Bentham says, if we adopt command theory, co-operation can be facilitated- we know what rules we have to comply with (commands of the sov) we can then plan… 1. What is the relationship between law and morality? Law is law cos it’s been made by sov, doesn’t need to have moral value 2. Why should a person obey the law? Person should obey cos it’s in their utilitarian interest to do so. 3. What should judges (or citizens) do when faced with unjust law? (below) For Bentham the primary function of law is to co-ordinate social interaction. Creating the conditions so social life is possible has utility. Anarchy and disorder has lower utility than legal order, which is why people should adopt the command theory of law- (the commands of a sov), it increases happiness. This is how utilitarianism justifies his command theory.

 Law allows individuals to plan for the future and achieve the expectations. It ‘stabilises expectations’. Bowring: ‘once a stable framework of social relations is established and expectations fixed upon it..., it is possible to alter, reform, and revise it better to meet the demands of maximal general welfare.’ (quoted from Postema, Bentham and the Common Law Tradition p. 189) Laws allow us to plan, predict and achieve their expectations- for this reason Bentham argues law (commands of sov, stabilise expectations) – with law we can roughly predict others are going to act in accordance with the law.  ‘citizens are loyal because of the ability of the [law] to co-ordinate...interaction, not because of their intrinsic appeal.’ (Postema, Bentham and the Common Law Tradition, 315). Therefore, Bentham adopts a form of normative legal positivism. So law can have any content- it is just the commands of a sov-Bentham believes we have obligation to obey.

What should judges (or citizens) do when faced with unjust law? An unjust law causes unhappiness/lowers welfare. Hobbes:  Didn’t come up with satisfactory answer Bentham does offer some kind of answer…

Bentham argues: 1. Primary role of judge is to mediate between parties in dispute- in many disputes that won’t happen. – Expensive, time consuming. 2. Where mediation creates less utility than imposed settlement judge should only then turn to commands of sovereign- positivistic ( apply law even if unjust) 3. Judge has to hold application of legislation, however where it would violate the principle of utility to apply law- judge according to Bentham, one may deviate from particular legislative code in scenario where applying the code creates injustice. Sort of creates balancing between positivism- judges should apply law, and utilitarianism- judges should do what’s morally just.

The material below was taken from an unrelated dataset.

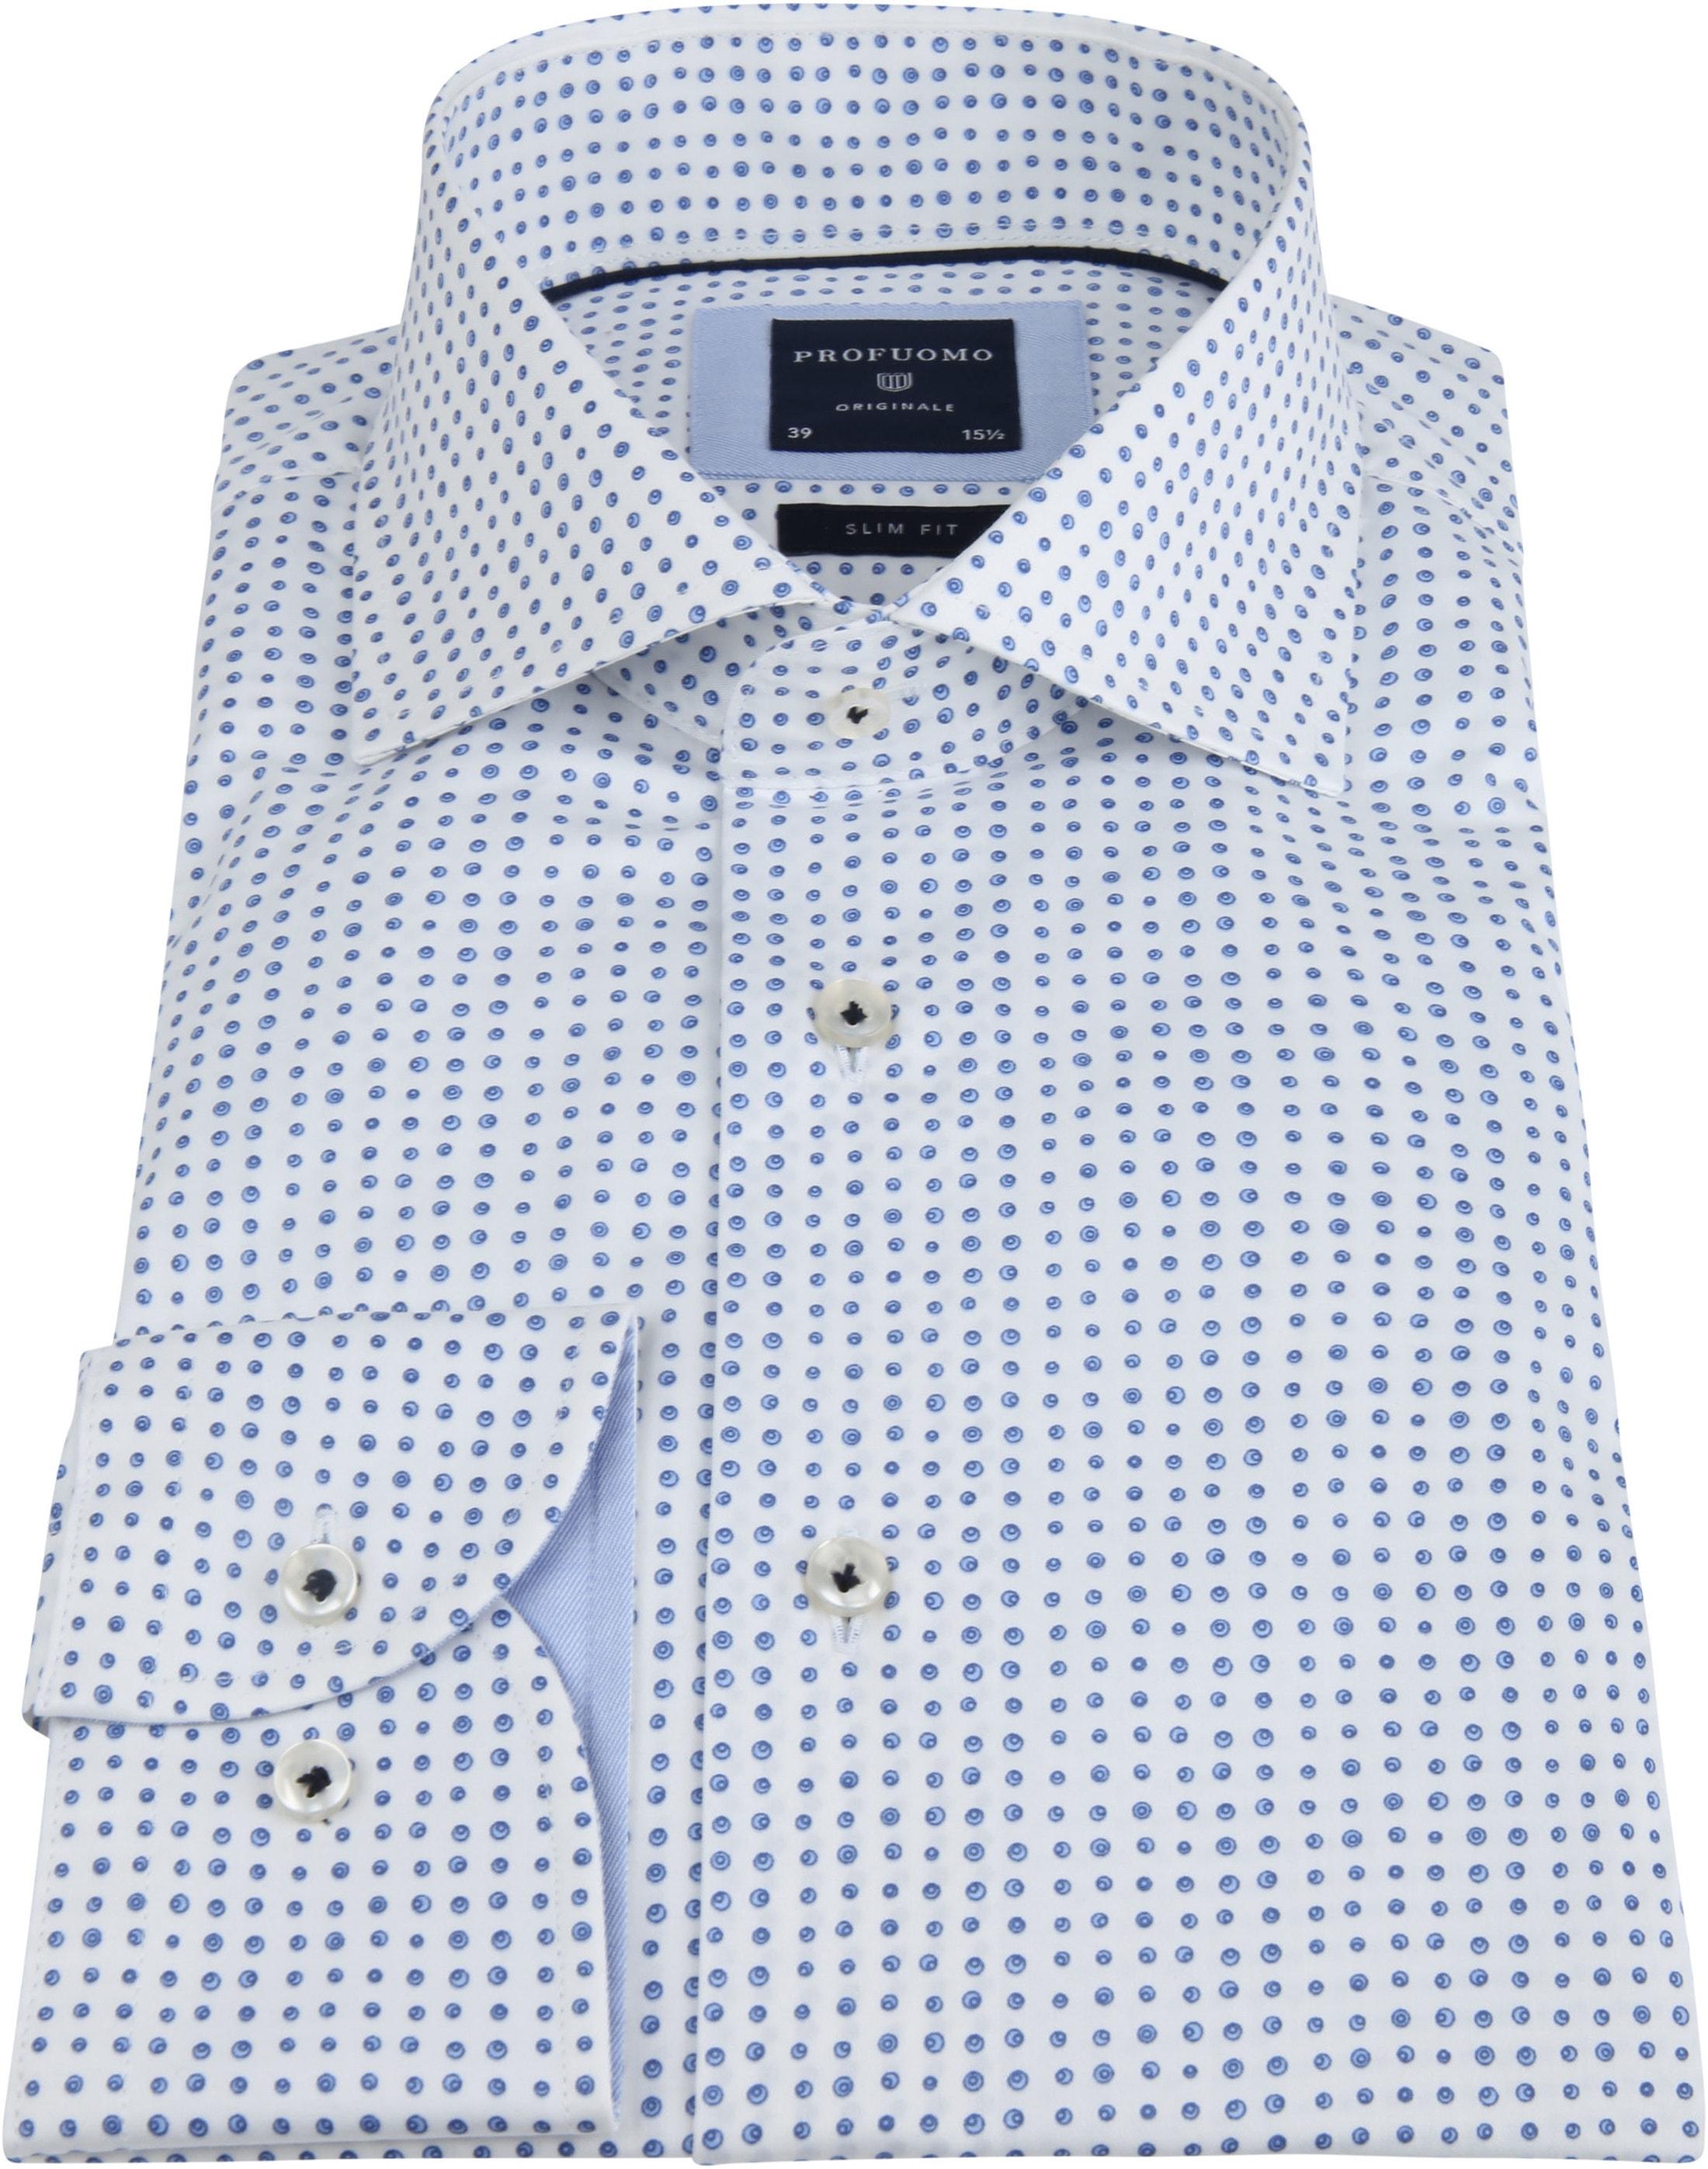 Profuomo Overhemd Stippen Blauw foto 2

(5) Bentham on adjudication (Postema, ibid, chapter 12) Why should natural law and common law be rejected?  Bentham argued common law should be rejected as doesn’t promote stability.  Common law is dog-law: - it’s retroactive, you’re never quite sure what law requires of you until judgement has been made. It punishes you when done wrong even if you didn’t know you had done wrong at point of doing it. ‘When your dog does anything you want to break him of, you wait till he does it then beat him for it. This is the way you make laws for your dog: and this is the way the judges make law for you and me. They won’t tell a man beforehand what it is he should not do...they lie by till he has done something which they say he should not have done, and then they hang him for it.’ (Postema, Bentham and the Common Law Tradition, 277) Common law and natural law Bentham said adoption of the command theory of law was essential to ensure the flourishing of modern societies. ‘...[were] an ideology which in his view shackled, rather than liberated, human reason. Shrouded in mystery and tradition-worship, it was pathologically opposed to reform, and it induced and perpetrated mental slavery of the people.’ (Postema, ibid, p. 311) – another reason Bentham support command theory, as it swept away much of what came before.

He sought to sweep away old natural and common law with a scientific legal system ^^ quote.

JOHN AUSTIN  Accepted Bentham’s theory in essence- you see sovereigns commands.  Analytical legal positivism- creates a more scientific theory of law. Attempts to explain the essential features of a legal order.  Attempt to describe/explore laws form and structure of legal orders. Austin says if you look at legal orders around world, they have in common what bentham said they have – said you will see sovereigns, commands, orders backed by sanctions, and habitual obedience to that sov and commands.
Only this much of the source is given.